(Beginning of DATA SECTION)

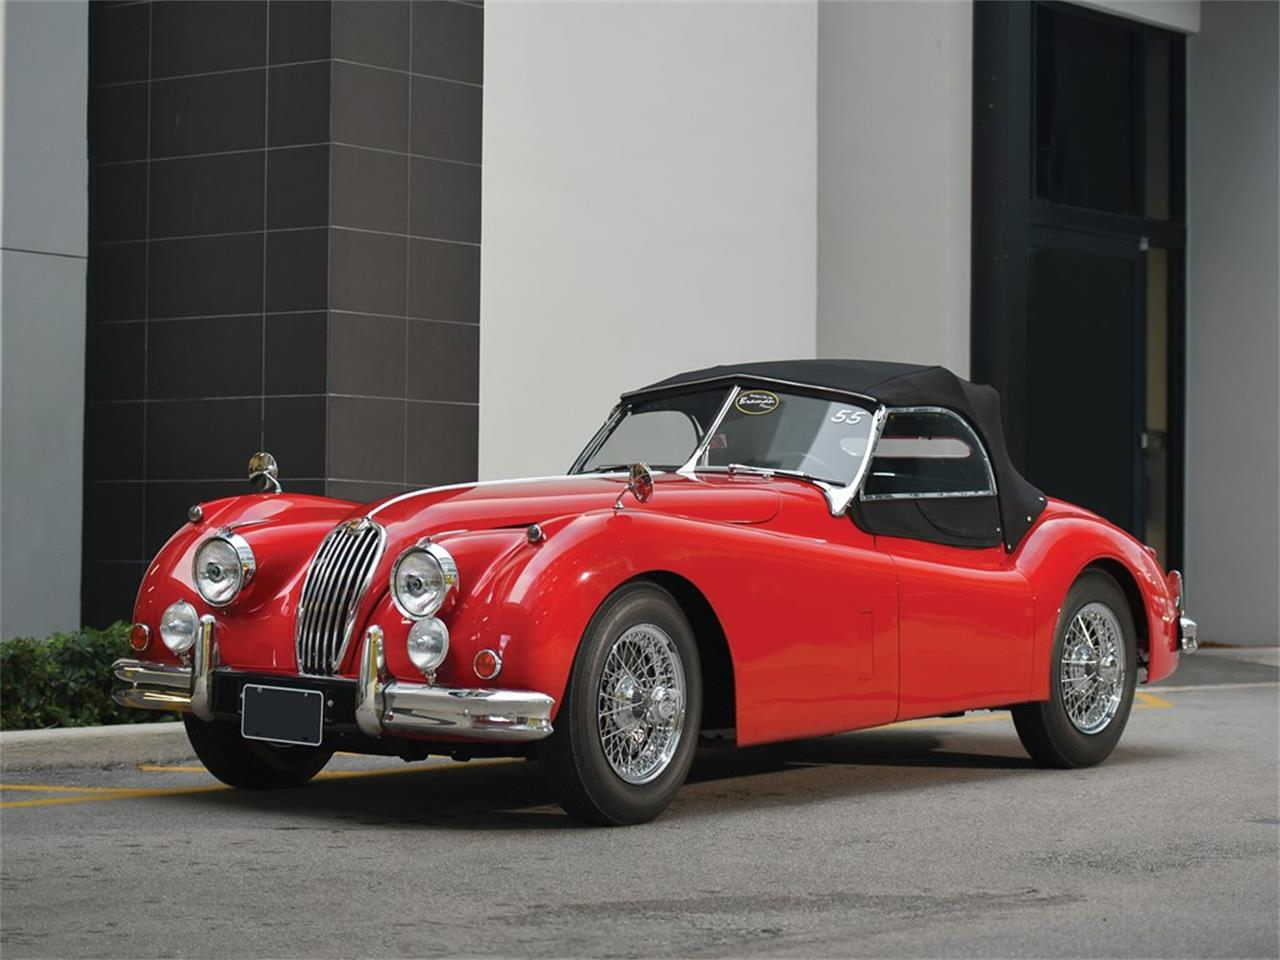 1955 Jaguar Xk 140 Mc Roadster For Sale Classiccars Com Cc 1190941
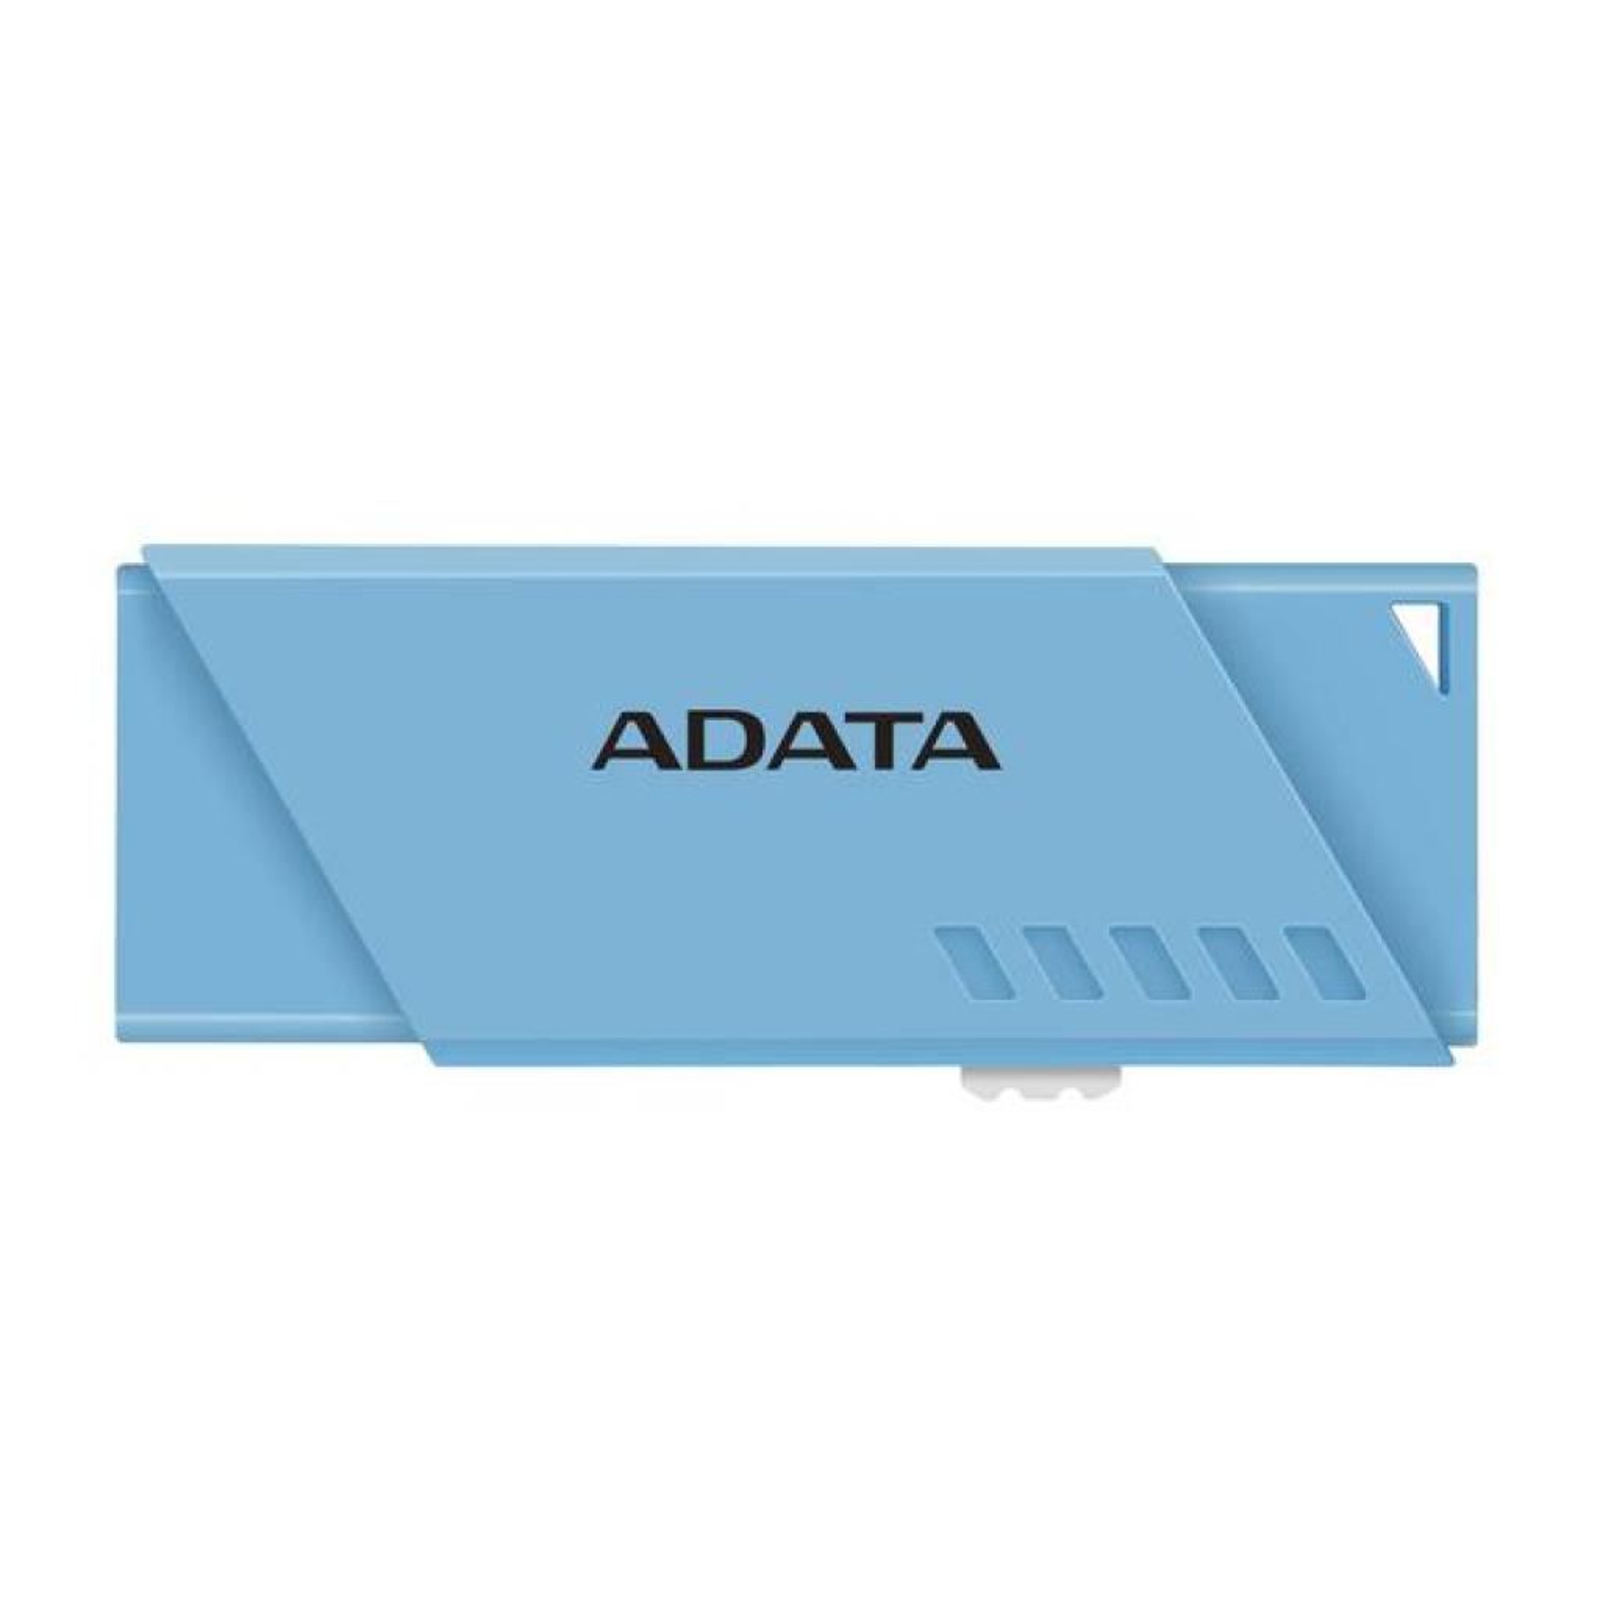 USB флеш накопитель ADATA 16GB UV230 Blue USB 2.0 (AUV230-16G-RBL) изображение 2
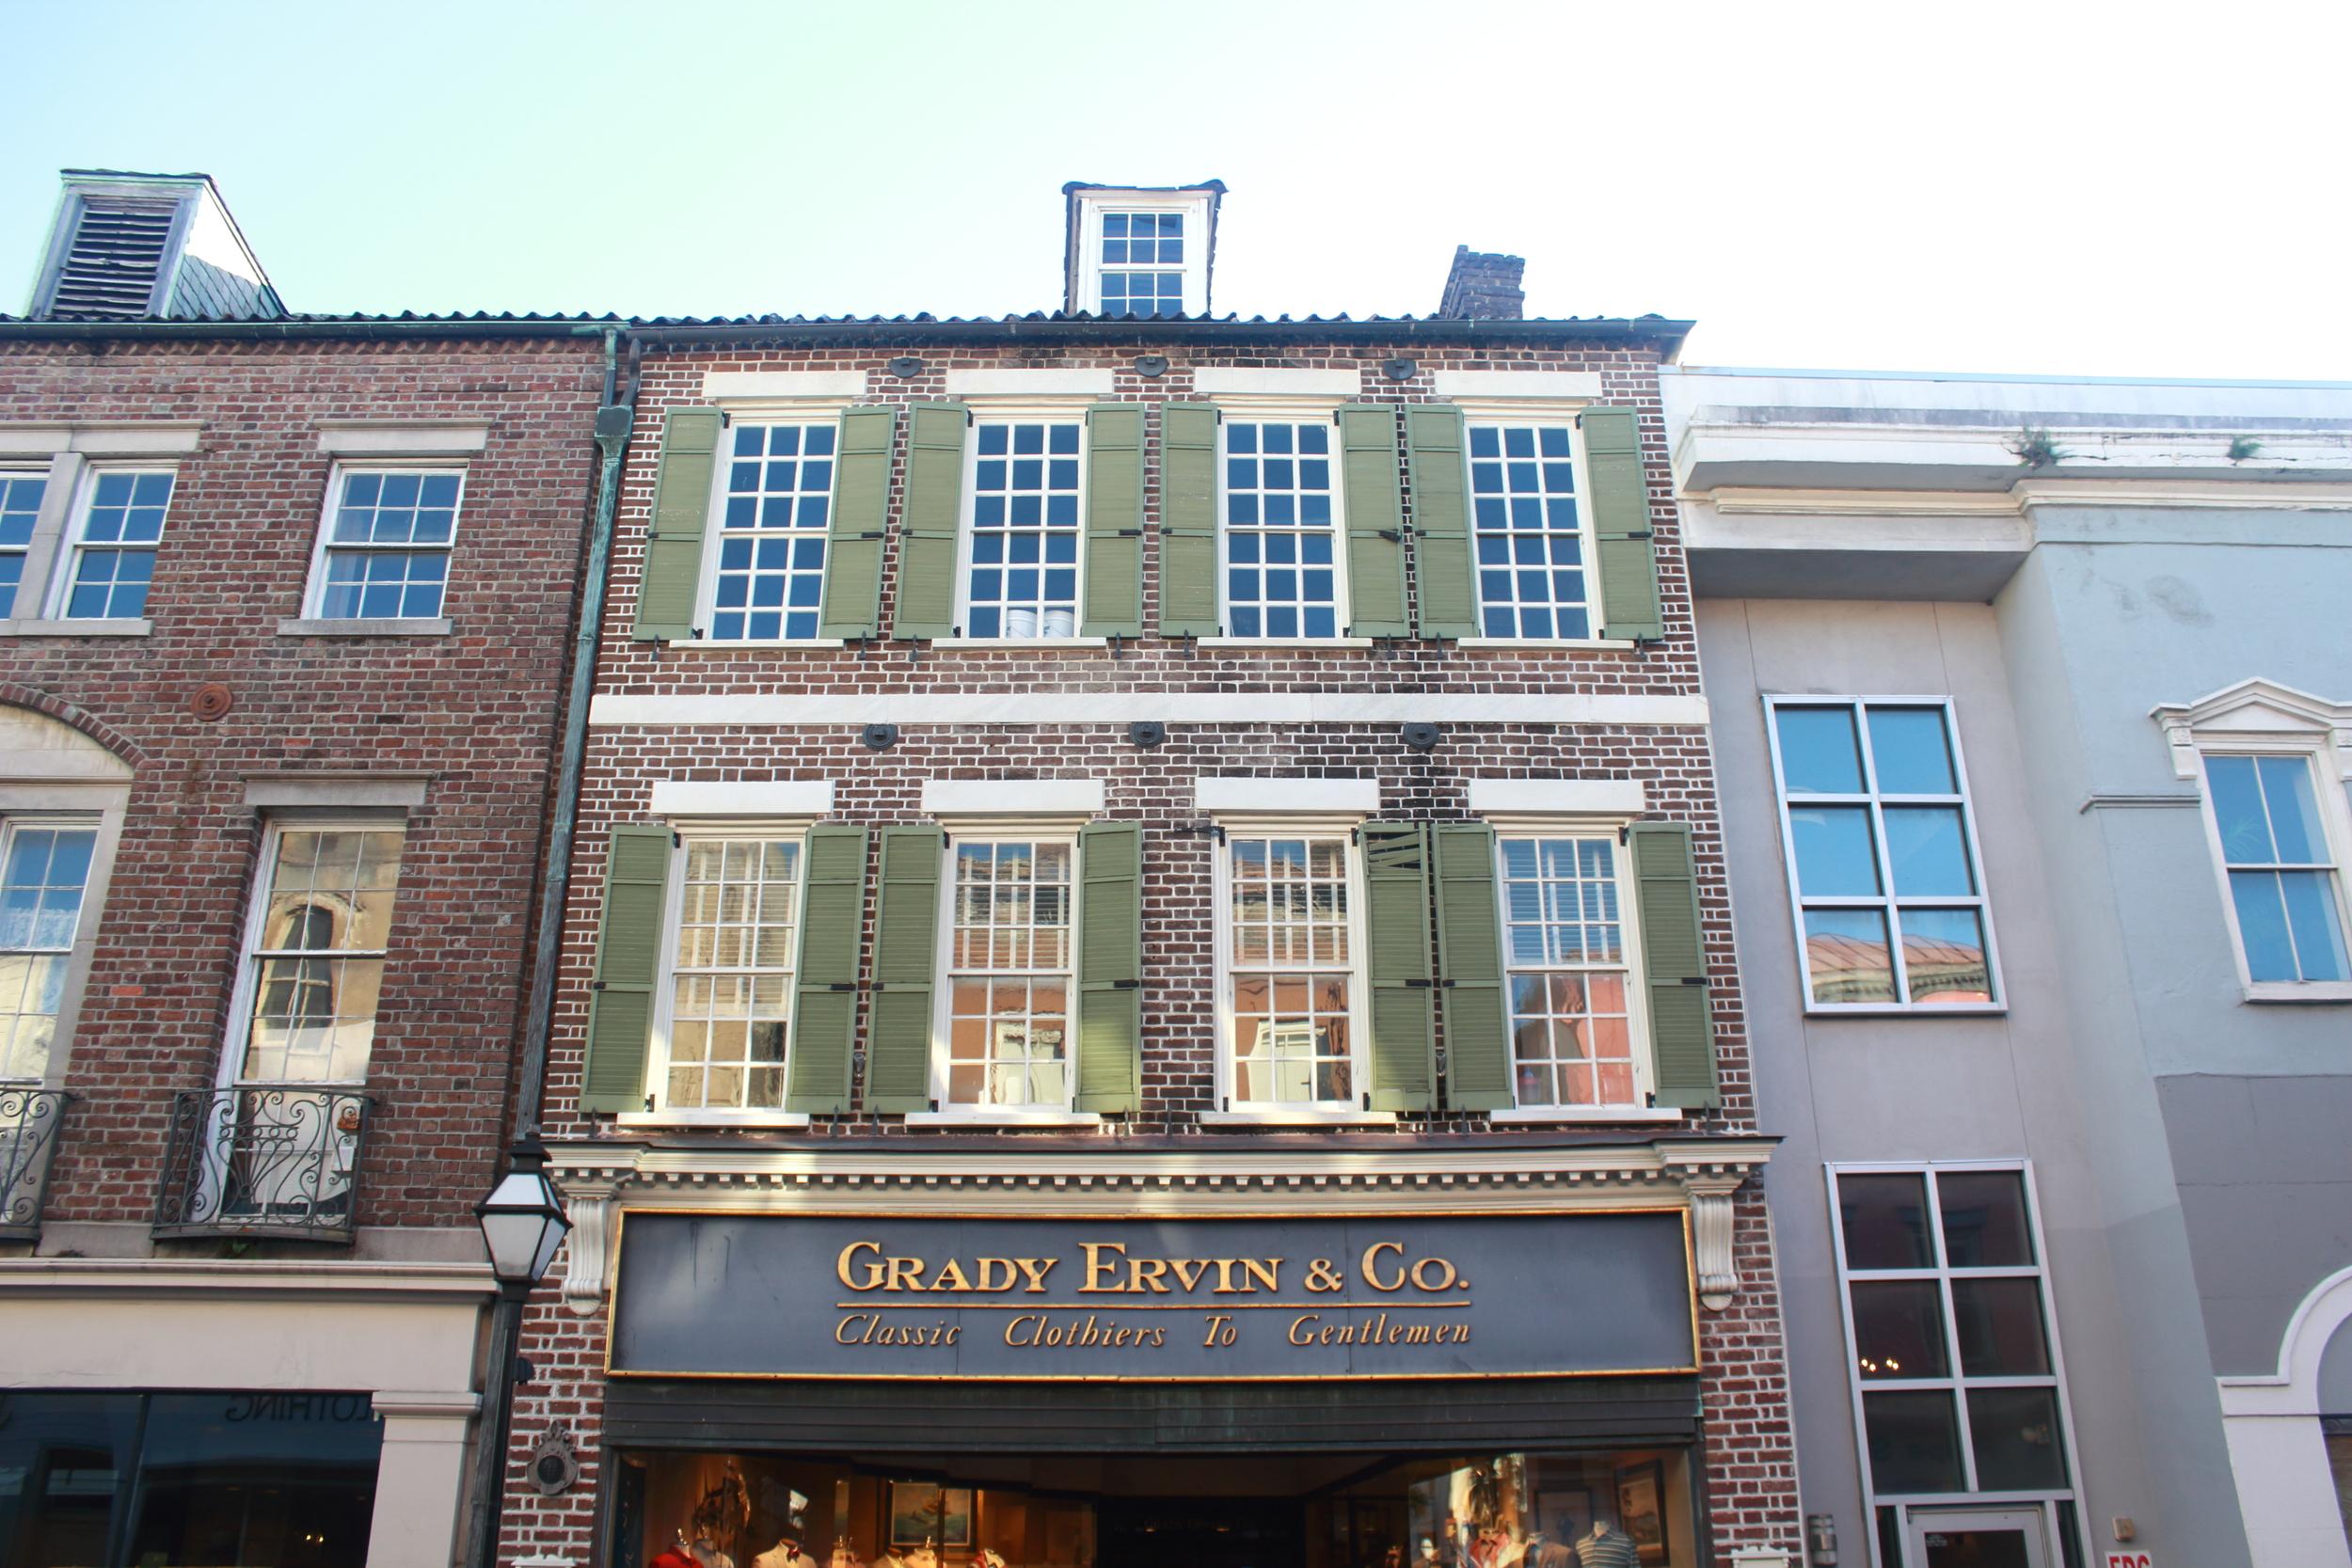 Top 5 things to do in Charleston, South Carolina
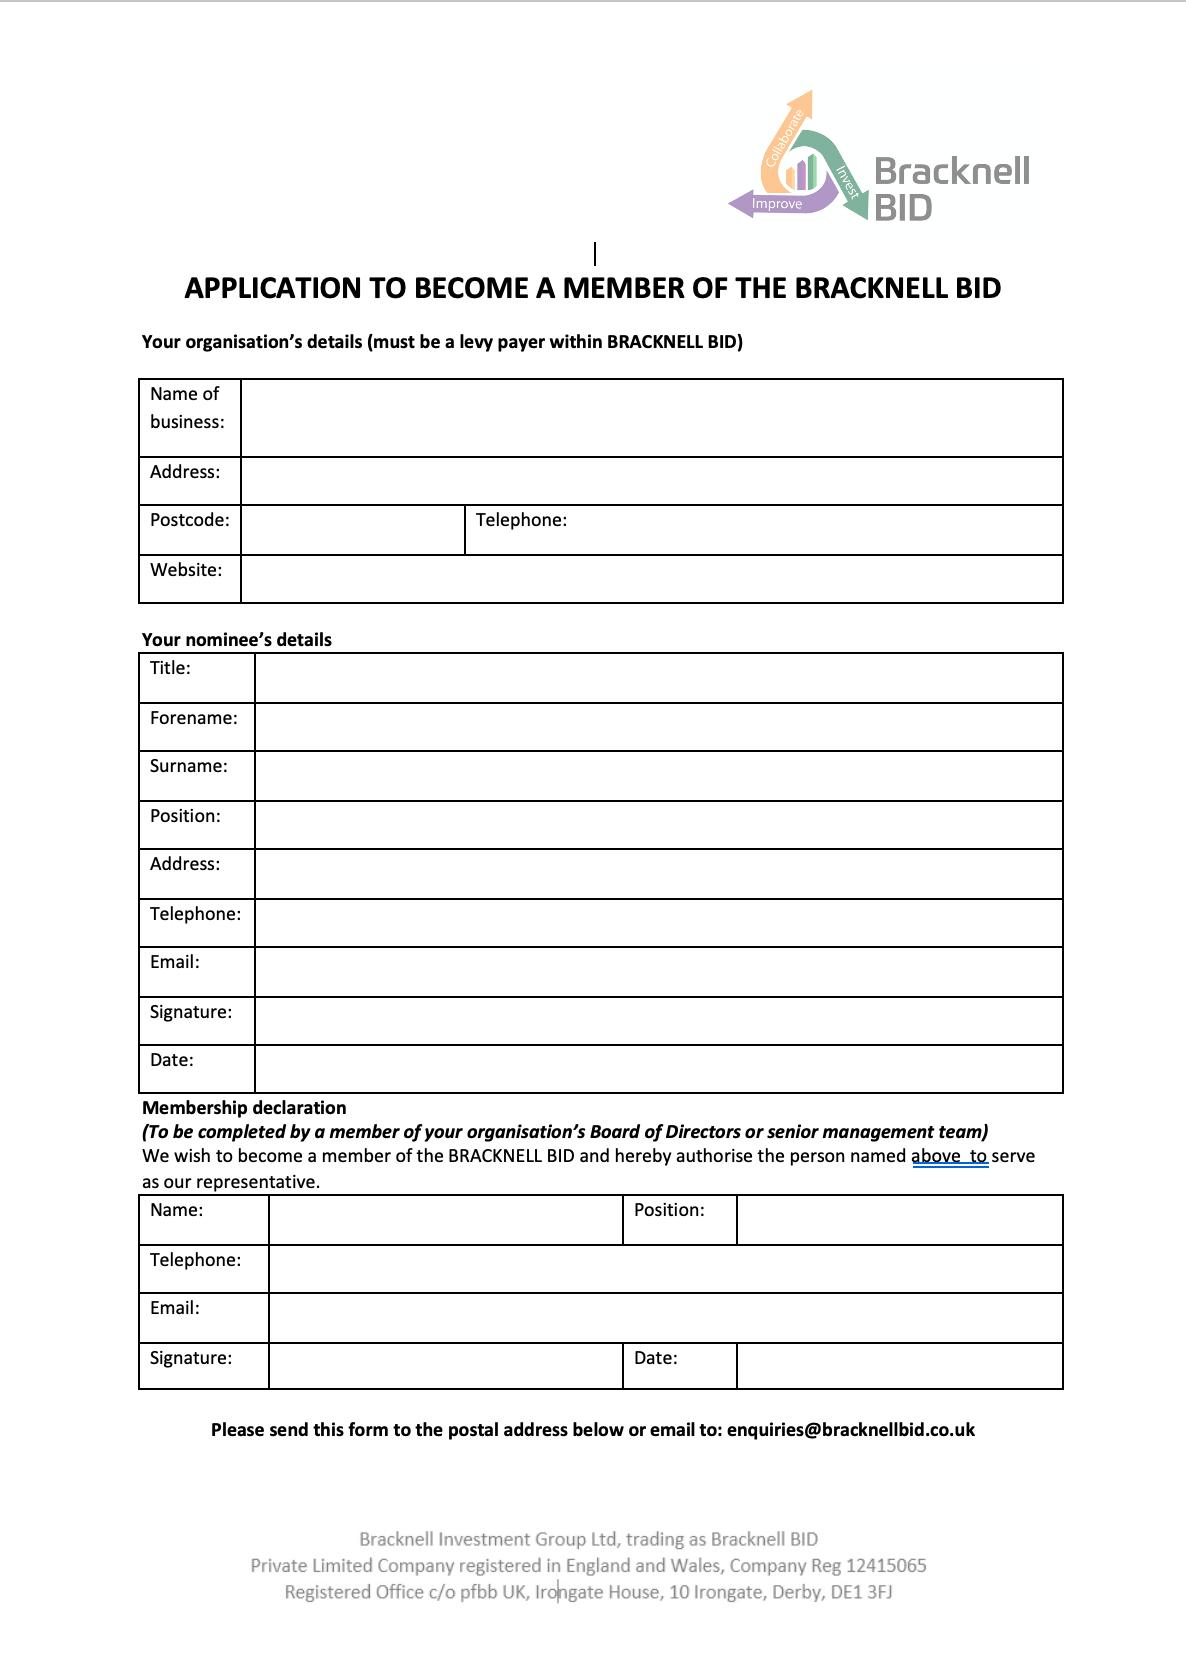 bracknell-bid-application-form-for-membership

(End of DATA SECTION)

→ ASSIGNMENT: Leave out the pictures, and retype exactly the lines from the one containing "USB флеш накопитель" through the final line of the data.

→ RESULT OF THIS TASK:
 USB флеш накопитель ADATA 16GB UV230 Blue USB 2.0 (AUV230-16G-RBL) изображение 2
 Top 5 things to do in Charleston, South Carolina
 bracknell-bid-application-form-for-membership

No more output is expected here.